The consequence of this was that a bitterly divided Grand Old Party was able to nominate the staunchly conservative Senator Barry Goldwater of Arizona, who ran with the equally conservative Republican National Committee chair, Congressman William E. Miller of New York. The staunch conservative Goldwater was widely seen in the liberal Northeastern United States as a right-wing extremist; he had voted against the Civil Rights Act of 1964, and the Johnson campaign portrayed him as a warmonger who as president would provoke a nuclear war.

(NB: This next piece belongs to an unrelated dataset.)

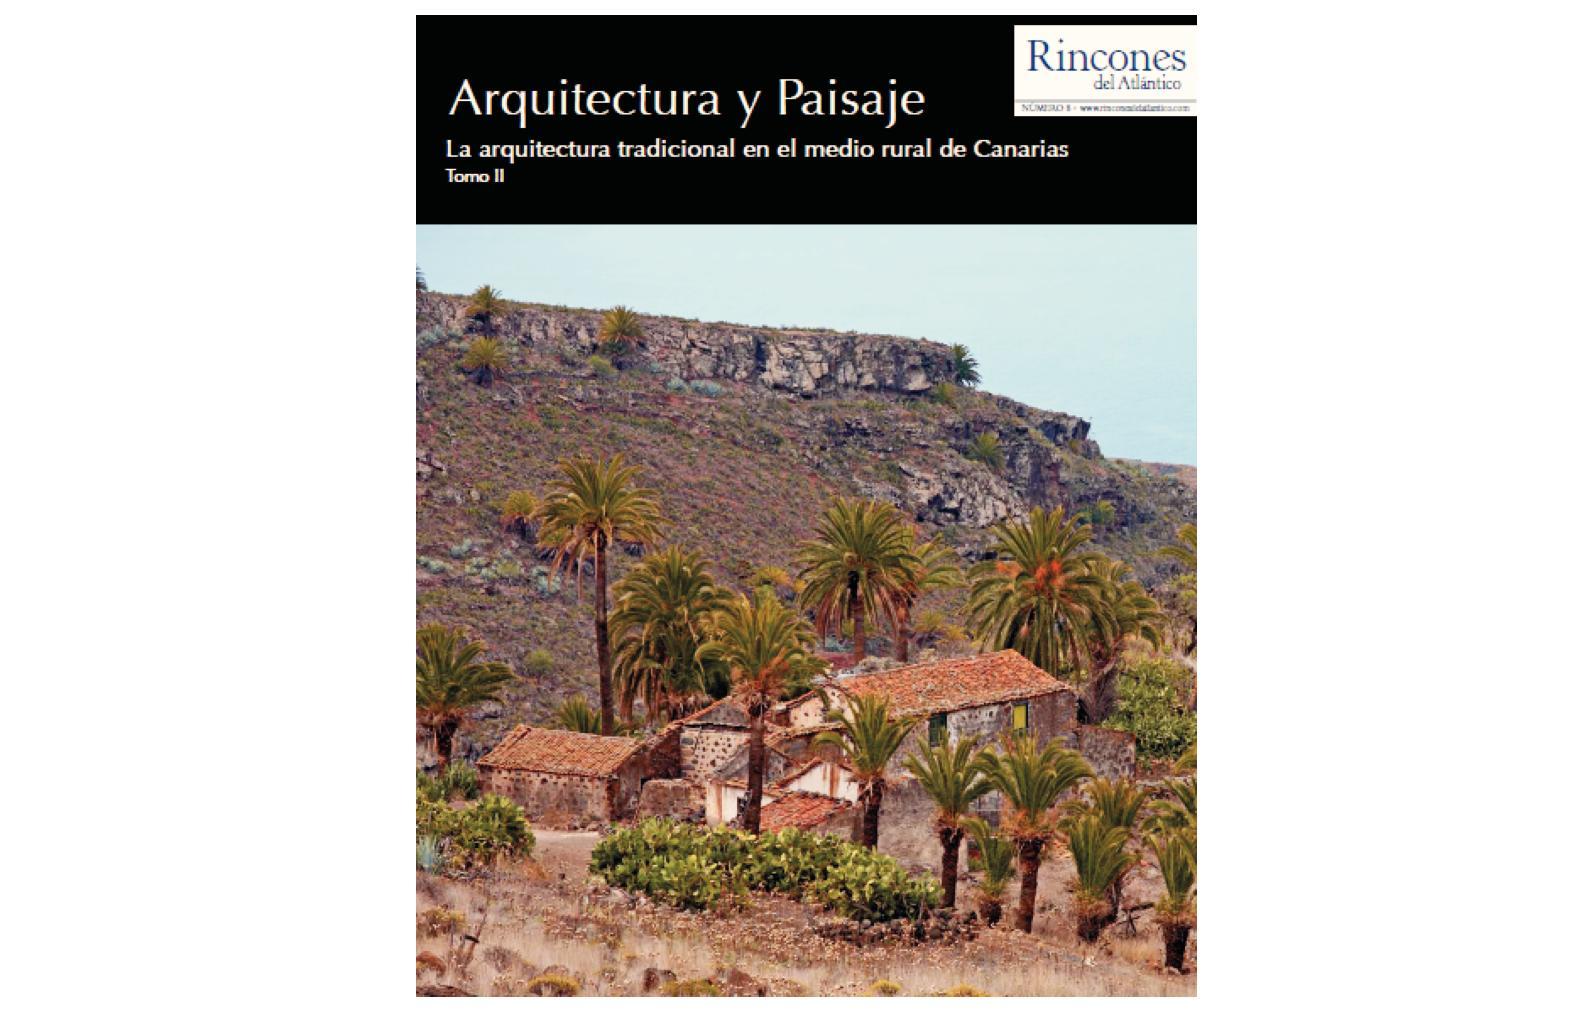 Calam O Arquitectura Y Paisaje La Arquitectura Tradicional En  # Muebles Naranjo Ingenio

In contrast to New York, Pennsylvania, New Jersey, Massachusetts, Connecticut, Rhode Island and Michigan, Goldwater did not write upper New England off from the beginning of his presidential campaign before Kennedy's assassination. However, Goldwater's self-avowed extremism was such that he was the first Republican disendorsed by many newspapers in the region since the party was founded. Polls never gave any doubt that Goldwater would lose Maine, despite considerable September campaigning by running mate Miller.